D’altronde noi europei che tanto storciamo il naso di fronte al potere
devastante del tipico che caratterizza i non luoghi non ci accorgiamo, che
nonostante le nostre Soprintendenze imbalsamatrici, abbiamo permesso
una simile omologazione di tutti i centri storici delle nostre città. A Londra,
Parigi, Milano o a Roma si passeggia nello stesso modo: identici i negozi, i
mimi, i venditori di cibaglie, le macchine per il cambio di valuta, il senso di
solitudine. Per sentirci in un contesto sociale – nota Augè- non ci rimane
che guardare lo spettacolo degli altri che camminano e, a loro volta, ci
osservano: uno spettacolo dove attori e spettatori si confondono in un
reciproco e continuo scambio delle parti.
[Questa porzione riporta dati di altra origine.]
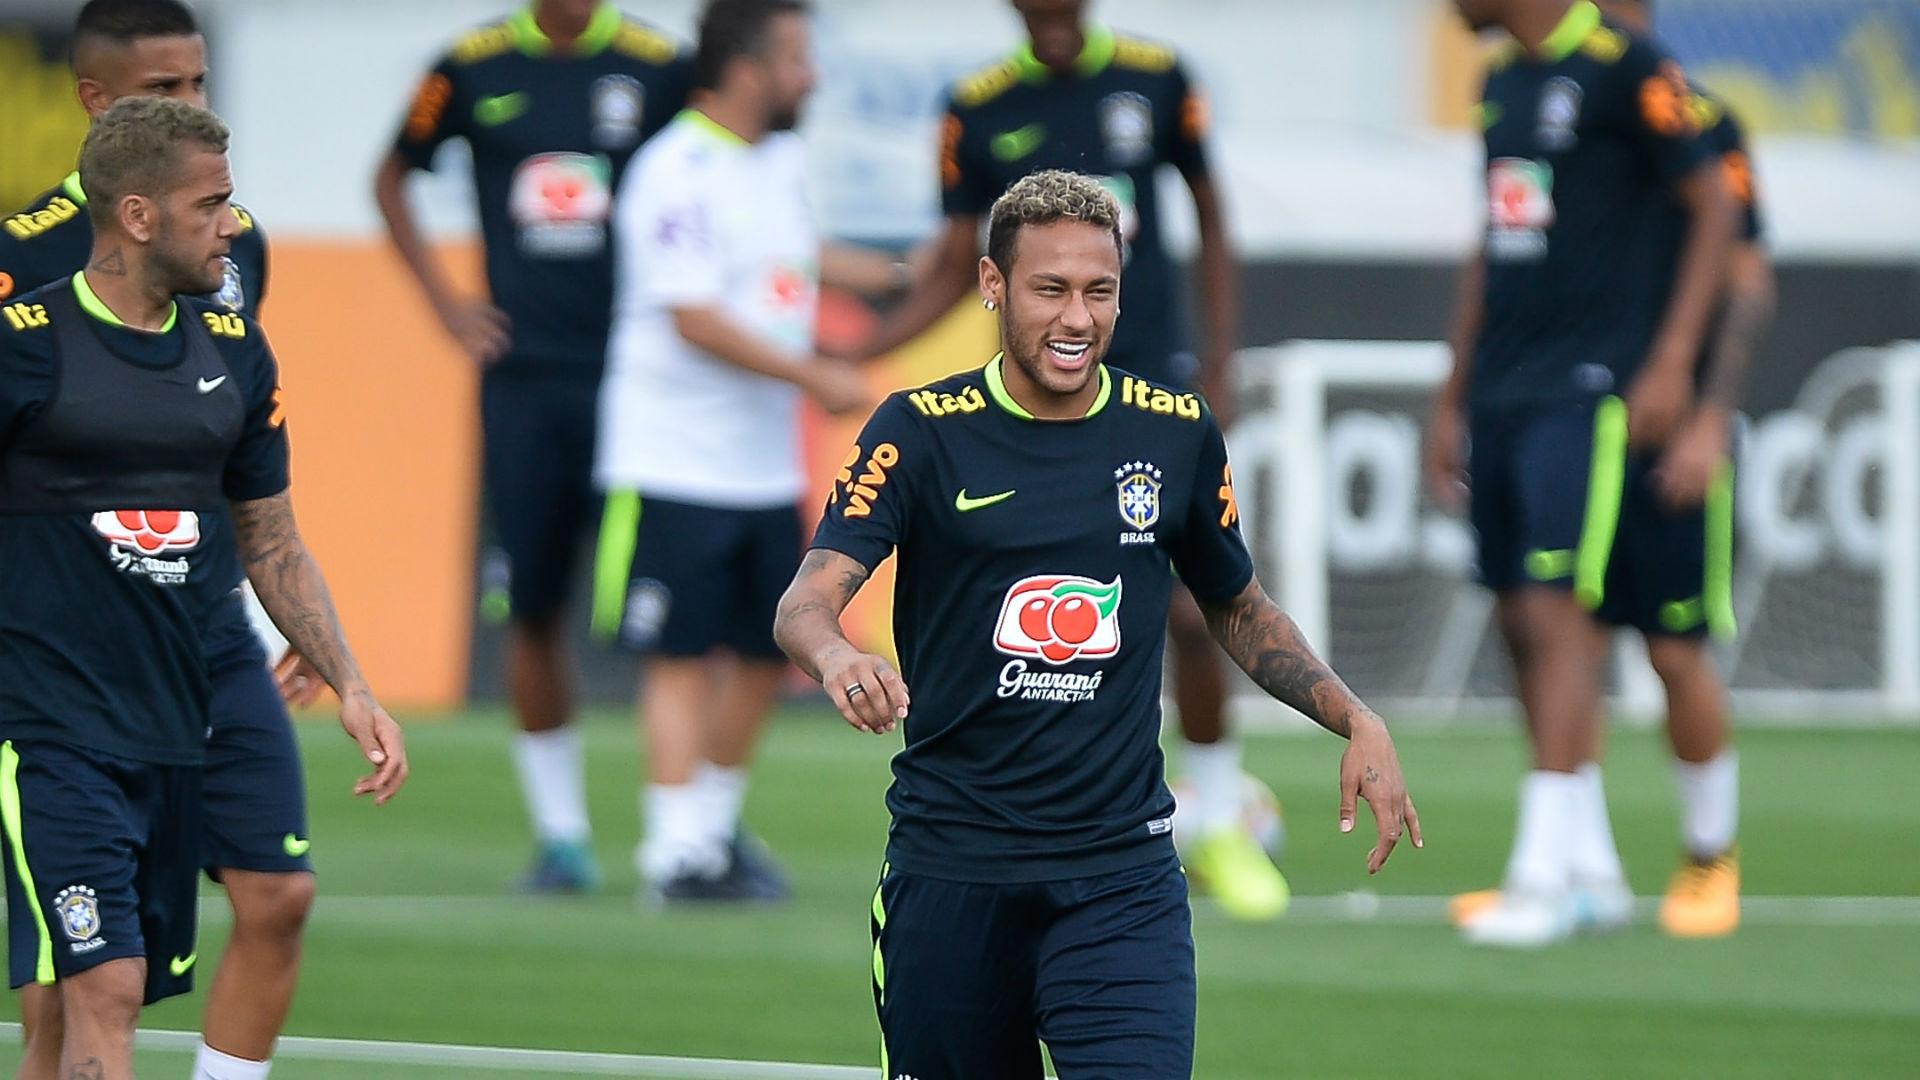 Efeito especial? Neymar faz gol improvável durante treino

Nello stesso tempo, le nostre città “si trasformano in musei (monumenti
intonacati, esposti, illuminati, settori riservati e isole pedonali) proprio
mentre tangenziali, autostrade, treni ad alta velocità e strade a
scorrimento veloce le aggirano”.
Il non-luogo sarà per molto tempo, forse per sempre, la nostra casa.
In questo eterno tempo presente che vive lo scompenso di ogni futuro ci
siamo persi nel non-luogo che appunto non suggerisce alcuna direzione. I
non-luoghi sono spazi di anonimato e sono diventati la nostra nuova forma
di comunicazione, in cui, paradossalmente, non abbiamo nulla da dire e
soprattutto non sappiamo dove andare.